## WHAT YOU NEED TO DO
Would you repeat exactly the part of the listing below that runs from the line containing "Photos USA Providence" down to the line containing "nginx logo 1 - Nginx Logo", inclusive, and nothing else?

## PROVIDED DATA
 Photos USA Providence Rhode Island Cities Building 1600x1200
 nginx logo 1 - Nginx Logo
--
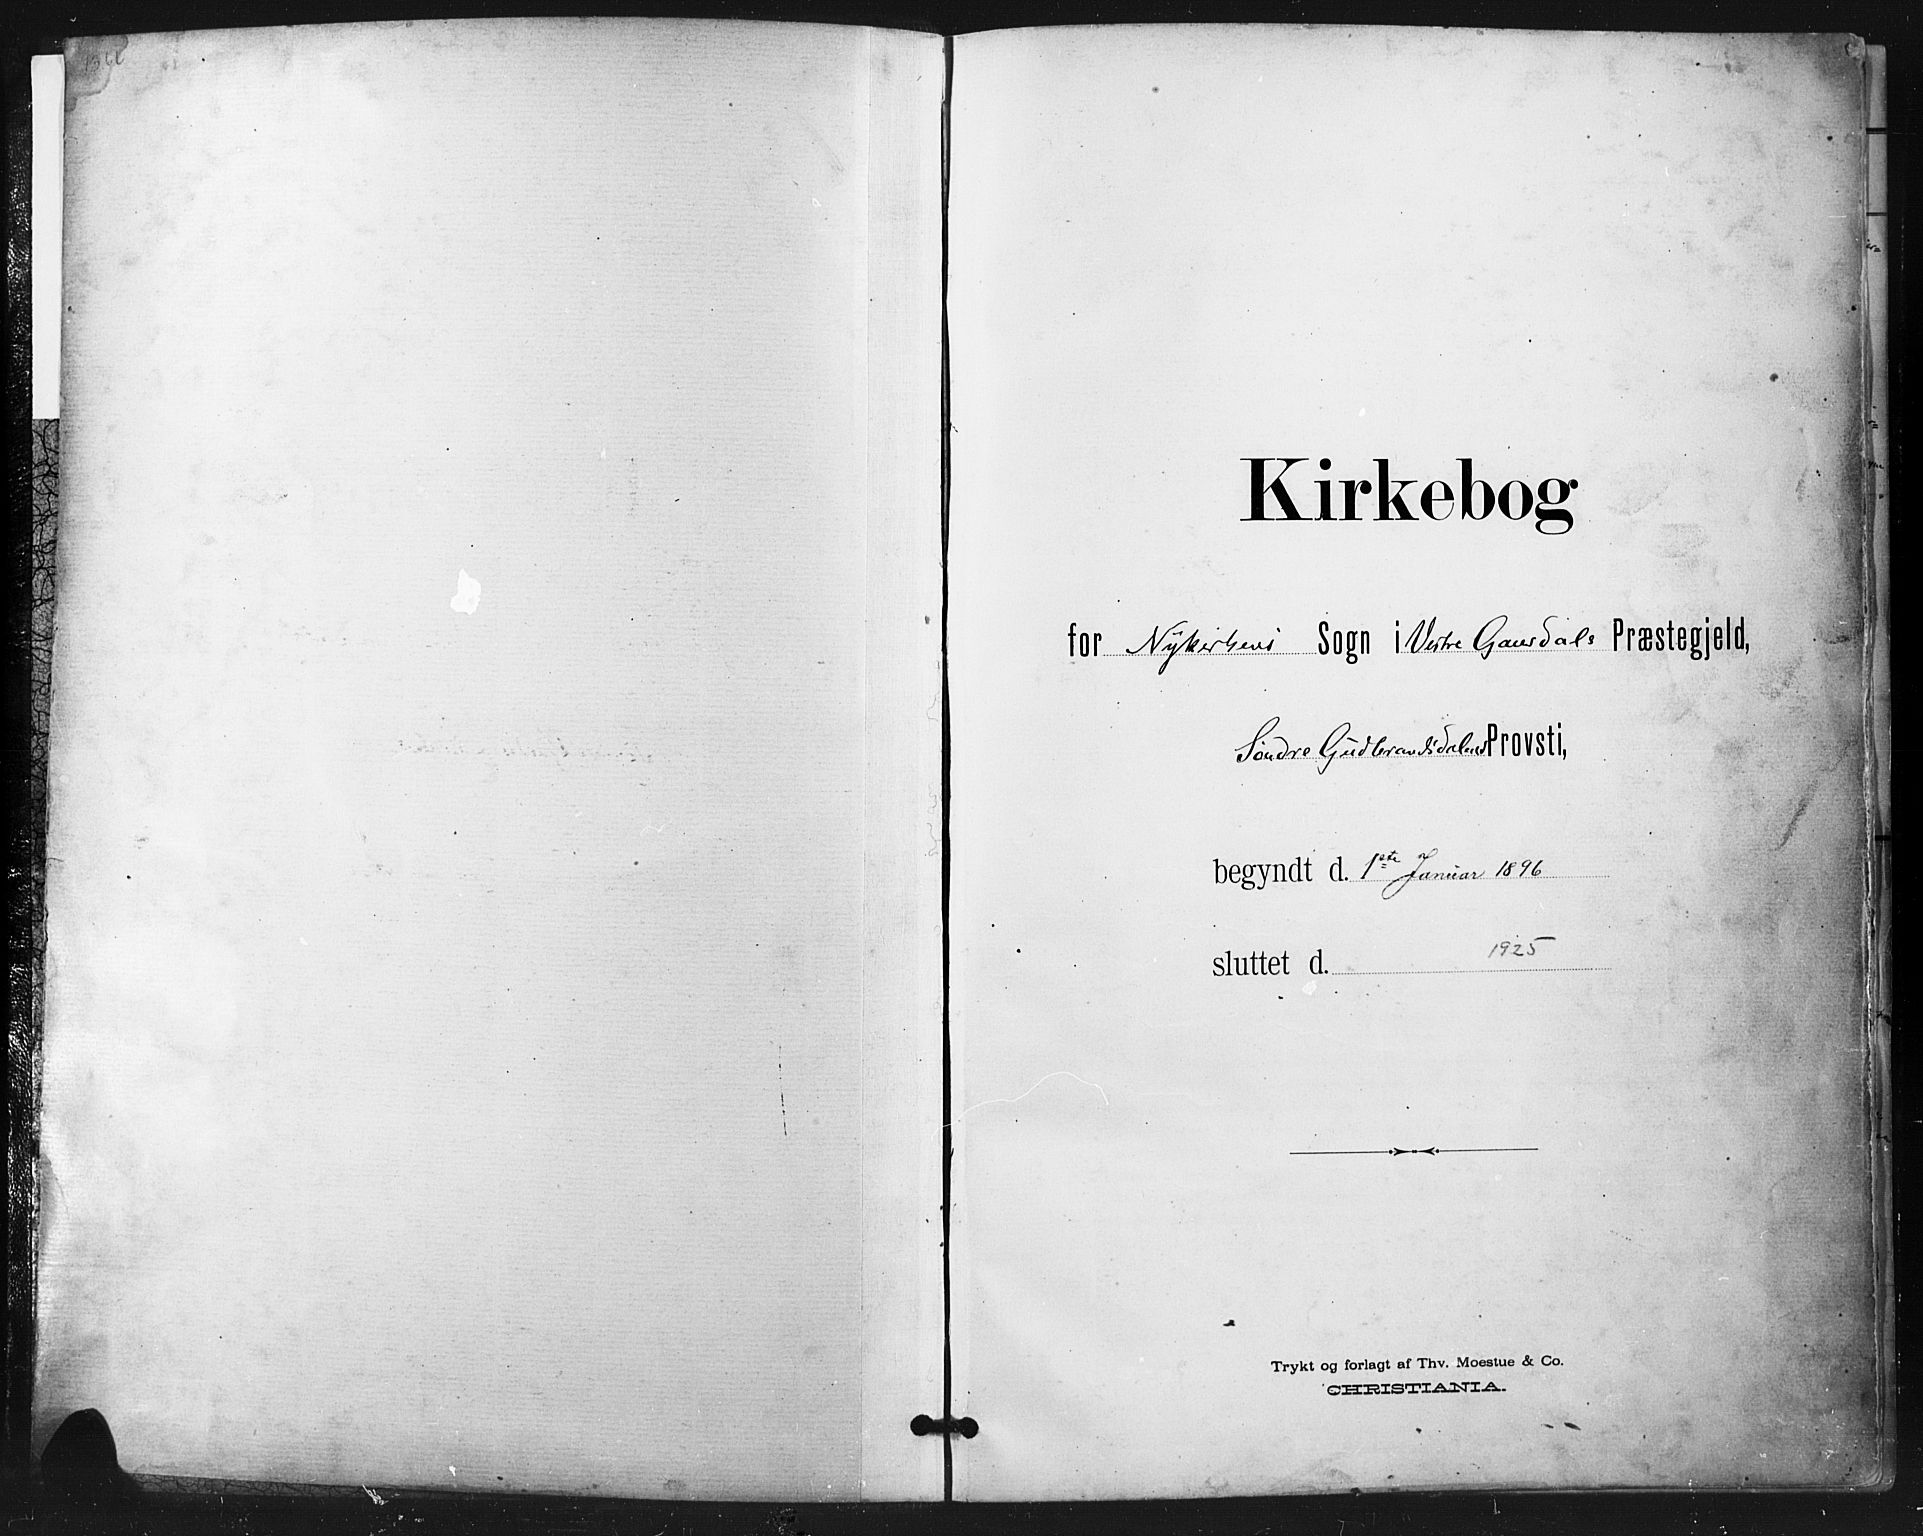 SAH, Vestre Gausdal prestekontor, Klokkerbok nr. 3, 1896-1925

## TASK RESULT
 Photos USA Providence Rhode Island Cities Building 1600x1200
 nginx logo 1 - Nginx Logo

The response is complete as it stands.